Рим II века нашей эры — в сравнении с Афинами Перикла — был намного более широким и сложным обществом и, как следствие, оказался слабее перед новым патогеном. В Римской империи на пике ее могущества проживало 70 миллионов человек — возможно, четверть населения мира в то время. Первая крупная эпидемия оспы поразила римлян, уже и так часто страдавших от желудочно-кишечных инфекций и малярии, зимой 165–166 годов, при императоре-философе Марке Аврелии, правившем с 161 по 180 год)[408]. Римляне верили, что навлекли на себя мор, разграбив храм Аполлона в Селевкии во время войны с парфянами; на самом деле болезнь вполне могли принести как вернувшиеся домой солдаты, так и рабы, завезенные из Африки. Как пишет Гален, болезнь не щадила ни юных, ни старых, ни богатых, ни бедных, но чаще других поражала рабов (погибли все рабы самого Галена); симптомами ее были лихорадка, жажда, рвота, диарея и черная сыпь. Эпидемия не стихала до 192 года. Она радикально сократила население от Египта до Афин, опустошила города и деревни и вызвала усиленные нападения германских племен, особенно вдоль Дуная. «В течение некоторого времени[409], — отмечает Гиббон, — в Риме умирало ежедневно по пяти тысяч человек, и многие города, спасшиеся от нашествия варваров, совершенно опустели»[410][411]. Современные исследователи оценивают число погибших на уровне 10–30 % от общего населения империи[412]. Мы располагаем свидетельствами, что это стало причиной значительного спада экономической активности (он отражен в резком сокращении рубки леса). Римская армия, согласно одному современному источнику, в 172 году «практически исчезла»[413]. Возможно, эпидемия содействовала распространению в империи христианства, поскольку христианская религия не только предлагала объяснение катастрофы — видя в ней наказание, посланное Богом грешному народу, — но и поощряла поведение, благодаря которому среди верующих было непропорционально большое количество выживших[414].

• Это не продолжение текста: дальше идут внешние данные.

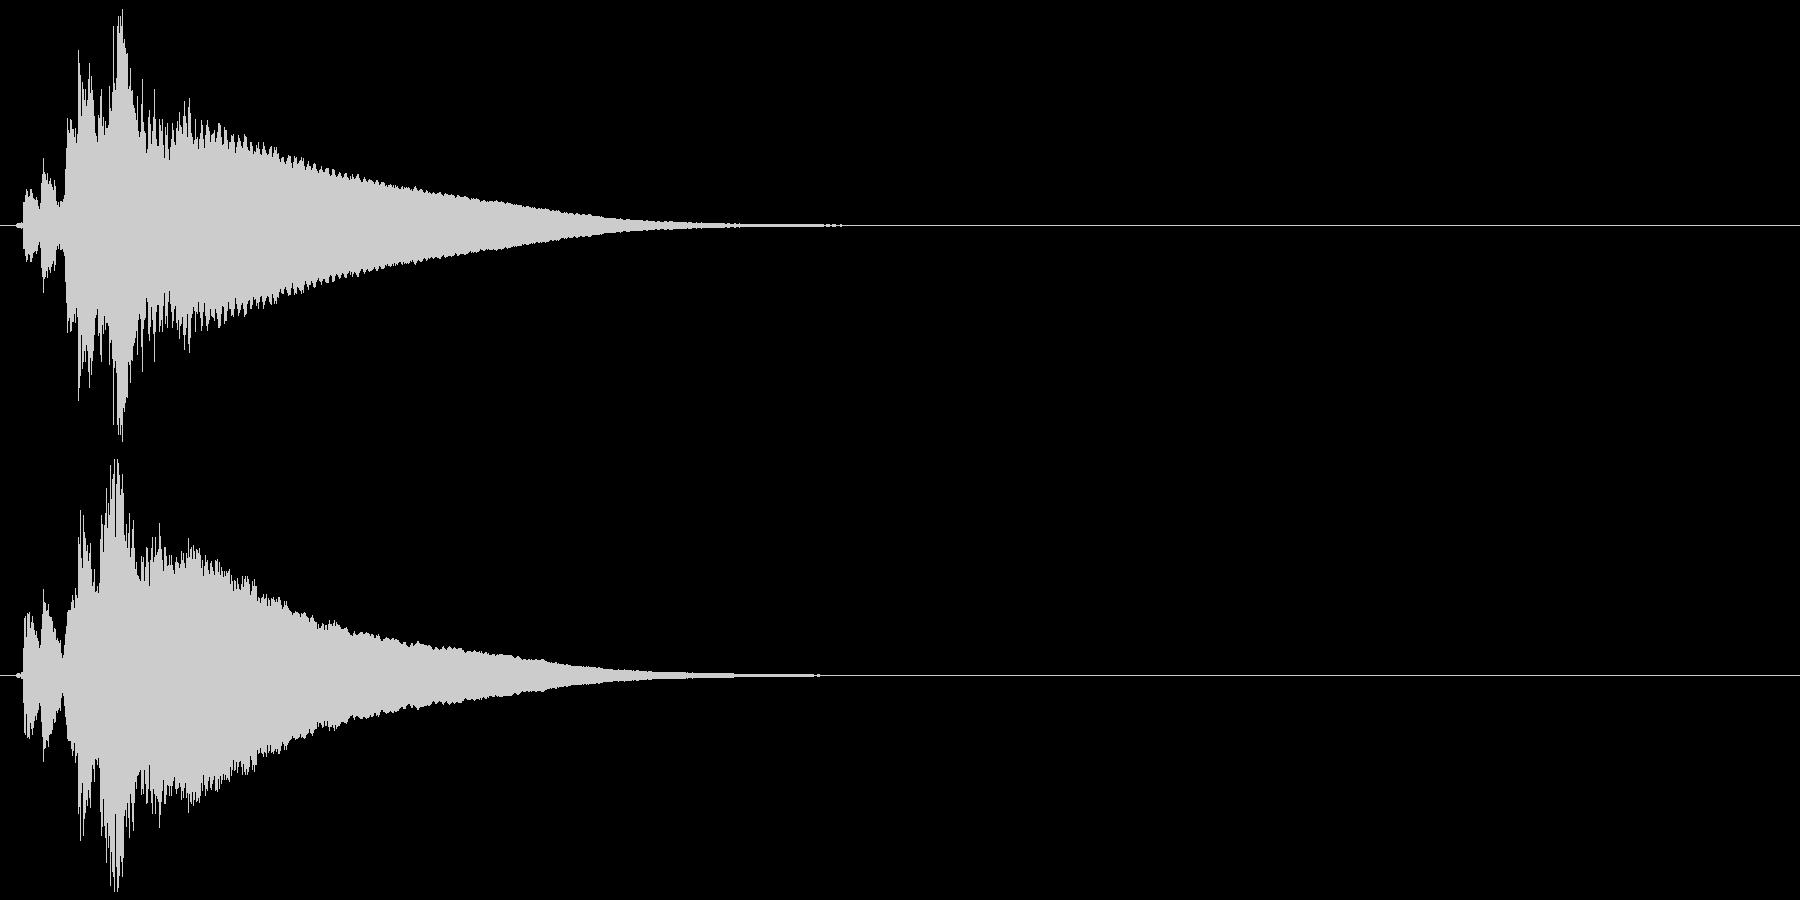 自転車のベル (チリーン)の未再生の波形

И все же Римская империя выстояла, а вскоре успешно пережила еще и Киприанову чуму (249–270) — вспышку геморрагической лихорадки, убившую, возможно, 15–25 % населения государства. Смертельный удар, как принято считать, нанесла другая эпидемия — Юстинианова чума. Эта вспышка бубонной чумы началась в 541 году в египетском Пелузии (на территории близ нынешнего Порт-Саида), в 543-м достигла Рима, а в 544-м поразила Британию. Она вновь разразилась в Константинополе в 558 году, затем, уже третий раз, — в 573-м, и еще раз — в 586-м. В целом Юстинианова чума, как и Черная смерть в XIV веке, возвращалась снова и снова на протяжении большей части двух столетий. Уверенно сказать, что это была именно бубонная чума, мы можем благодаря подробным записям историка Прокопия Кесарийского (ниже они приводятся в изложении Гиббона):
Но в большинстве случаев люди занемогали в постели, на улице или во время своих обычных занятий лихорадкой, которая вначале была такая легкая, что ни в пульсе, ни в цвете лица больного не было никаких признаков приближавшейся опасности. Или в тот же день, или в один из следующих двух дней опасность обнаруживалась в опухоли желез, в особенности в паху, под мышками и под ушами; а когда эти распухшие или вздувшиеся места лопались, внутри их находили уголек или черное зернышко величиной с чечевичное. Если эти опухоли достигали настоящей зрелости или нагноения, то этот естественный способ удаления вредной материи спасал больного. Если же они оставались твердыми и сухими, то очень скоро делалась гангрена и на пятый день больной обыкновенно умирал. Лихорадка часто сопровождалась летаргией или бредом; тело больного покрывалось черными прыщами или нарывами, которые были предвестниками скорой смерти, а у тех, у кого по слабости сложения сыпь не могла выступать наружу, после рвоты кровью следовало воспаление кишок… Многие из тех, которые спаслись от нее, лишились языка, не будучи уверенными, что болезнь не возвратится к ним вновь[415].